(Record extracts Opens)

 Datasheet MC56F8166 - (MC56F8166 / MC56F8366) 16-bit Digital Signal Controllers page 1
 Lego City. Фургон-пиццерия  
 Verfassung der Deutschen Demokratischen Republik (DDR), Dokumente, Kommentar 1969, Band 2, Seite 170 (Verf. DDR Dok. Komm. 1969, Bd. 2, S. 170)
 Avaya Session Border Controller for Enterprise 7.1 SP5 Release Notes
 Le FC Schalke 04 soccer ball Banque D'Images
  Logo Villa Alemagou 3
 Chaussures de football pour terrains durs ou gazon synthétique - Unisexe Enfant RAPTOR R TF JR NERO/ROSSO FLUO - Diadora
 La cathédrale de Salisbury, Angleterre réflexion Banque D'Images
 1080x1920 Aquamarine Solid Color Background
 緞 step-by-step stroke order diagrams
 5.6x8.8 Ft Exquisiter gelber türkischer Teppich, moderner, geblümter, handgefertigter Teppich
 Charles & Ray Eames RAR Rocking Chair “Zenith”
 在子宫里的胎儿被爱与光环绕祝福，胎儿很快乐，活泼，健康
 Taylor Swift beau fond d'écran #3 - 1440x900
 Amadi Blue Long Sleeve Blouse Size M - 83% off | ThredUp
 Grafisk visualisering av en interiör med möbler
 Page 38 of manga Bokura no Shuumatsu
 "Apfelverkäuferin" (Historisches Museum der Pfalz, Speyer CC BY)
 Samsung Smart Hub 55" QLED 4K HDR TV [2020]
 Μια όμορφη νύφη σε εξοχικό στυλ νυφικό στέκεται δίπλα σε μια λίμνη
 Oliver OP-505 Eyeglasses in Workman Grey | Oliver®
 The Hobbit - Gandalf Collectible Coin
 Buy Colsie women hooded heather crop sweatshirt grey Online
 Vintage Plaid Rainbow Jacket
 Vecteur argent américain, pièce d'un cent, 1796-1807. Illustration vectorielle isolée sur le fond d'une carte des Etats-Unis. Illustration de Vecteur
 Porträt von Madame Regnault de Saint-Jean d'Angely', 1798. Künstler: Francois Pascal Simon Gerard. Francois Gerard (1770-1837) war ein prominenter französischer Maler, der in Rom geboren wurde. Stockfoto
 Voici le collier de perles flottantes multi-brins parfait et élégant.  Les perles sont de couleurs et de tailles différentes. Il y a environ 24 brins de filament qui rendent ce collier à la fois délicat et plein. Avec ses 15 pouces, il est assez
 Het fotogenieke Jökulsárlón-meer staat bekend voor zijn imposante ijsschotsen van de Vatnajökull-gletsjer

(Record extracts Closes)

_Problem_. All lines from the one holding "Μια όμορφη νύφη" through the final line of the material must be set down exactly, and nothing else may be added.

_Solved problem_.
 Μια όμορφη νύφη σε εξοχικό στυλ νυφικό στέκεται δίπλα σε μια λίμνη
 Oliver OP-505 Eyeglasses in Workman Grey | Oliver®
 The Hobbit - Gandalf Collectible Coin
 Buy Colsie women hooded heather crop sweatshirt grey Online
 Vintage Plaid Rainbow Jacket
 Vecteur argent américain, pièce d'un cent, 1796-1807. Illustration vectorielle isolée sur le fond d'une carte des Etats-Unis. Illustration de Vecteur
 Porträt von Madame Regnault de Saint-Jean d'Angely', 1798. Künstler: Francois Pascal Simon Gerard. Francois Gerard (1770-1837) war ein prominenter französischer Maler, der in Rom geboren wurde. Stockfoto
 Voici le collier de perles flottantes multi-brins parfait et élégant.  Les perles sont de couleurs et de tailles différentes. Il y a environ 24 brins de filament qui rendent ce collier à la fois délicat et plein. Avec ses 15 pouces, il est assez
 Het fotogenieke Jökulsárlón-meer staat bekend voor zijn imposante ijsschotsen van de Vatnajökull-gletsjer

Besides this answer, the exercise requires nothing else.